Last week we reported on the emerging scandal at the IRS — because there weren’t already enough scandals at the agency — concerning the rehiring of employees (800 of them) who were terminated for ethical infractions.
Little did we know that scandal would be paled in comparison to what may be emerging this week: the smoking gun in just one of the cases of IRS targeting of conservative groups going way back to 2009.
A federal judge ordered the IRS to reveal the names of employees involved in the Lois Lerner targeting operation.
That order came after it was learned via a lawsuit by one conservative group that the IRS had more than 20,000 pages of files on them.
That’s right, 40 reams of paper for a simple non-profit designation application. Can you say ‘conspiracy’?
And yet thus far, Commissioner John Koskinen has responded to questions from Congress with nothing but lies, obstruction, misdirection and convenient amnesia.
It’s time to turn the place upside-down.
Here’s more from PJ Media…
Lost emails, destroyed hard drives, foot dragging, stonewalling, and a smirking, sneering IRS commissioner doing his best to obscure the truth — this has largely been the response by the Internal Revenue Service to investigations by Congress and FOIA requests from conservative groups trying to discover the truth about the IRS targeting scandal.
But one federal judge appears to be just as curious as the rest of us about what exactly the IRS was up to when it targeted conservative groups for special scrutiny in approving their tax-exempt status.
Judge Reggie B. Walton of the U.S. District Court for the District of Columbia ordered the IRS last week to release the names of employees involved in targeting conservative and Tea Party groups. Walton also told the IRS to explain why groups were targeted and search for additional records in agency databases from May 2009 to March 2015.
The IRS has until Oct. 16 to complete its records search.
Walton’s order was a turning point for True the Vote President Catherine Engelbrecht in her legal battle with the IRS that began in 2013.

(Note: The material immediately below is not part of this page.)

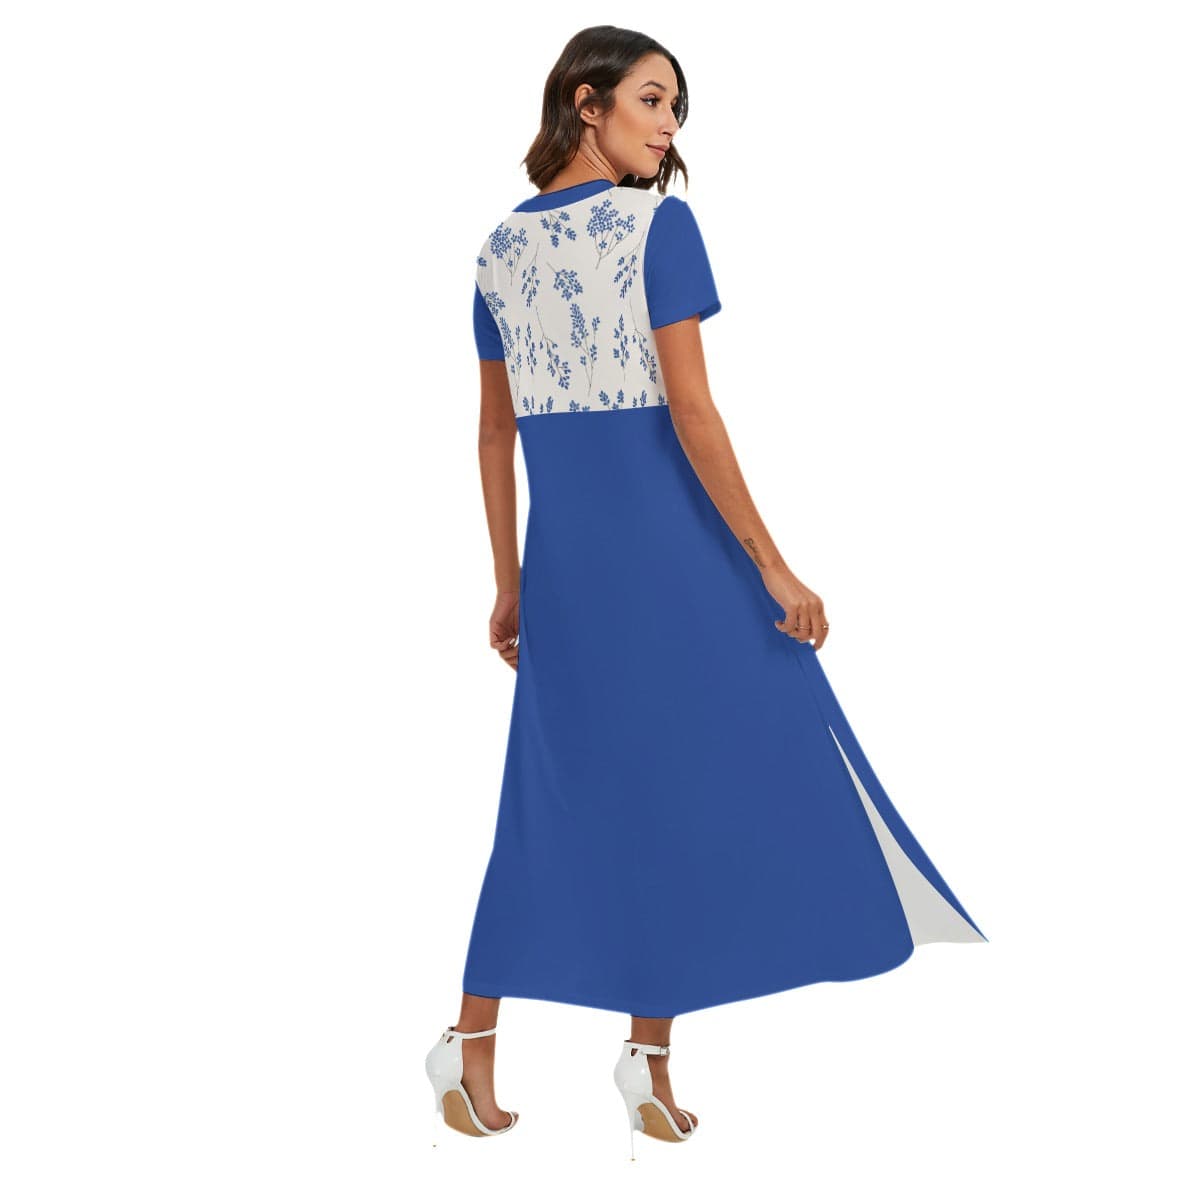 Yoycol Ecru Cobalt Floral Dress - Women's V-neck Dress With Side Slit

“We’ve come so far, and I believe that we are going to bring this thing to a head,” Engelbrecht told the Washington Examiner. “I believe we will see the IRS correct its ways, and as to accountability, I’d love to see some perp walks.”
Wouldn’t we all. But first, the truth. And tantalizing hints emerged last week that whatever the truth is may be recoverable.
Bopp and True the Vote previously requested documents from the IRS pertaining to the organization, but the agency has yet to turn over any documents, Bopp said.
But the tax agency finally admitted to having records on True the Vote.
In a conference call with Bopp several weeks ago, he said Justice Department lawyers representing the IRS said it performed a search of a database of documents compiled in response to congressional inquiries and found nearly 2,000 documents related to True the Vote.
“I was shocked there were 2,000 documents, and then I was doubly shocked when they hadn’t produce them,” he said. “You could’ve picked me up off the floor. They had them. They didn’t produce them, and they weren’t even going to tell us.”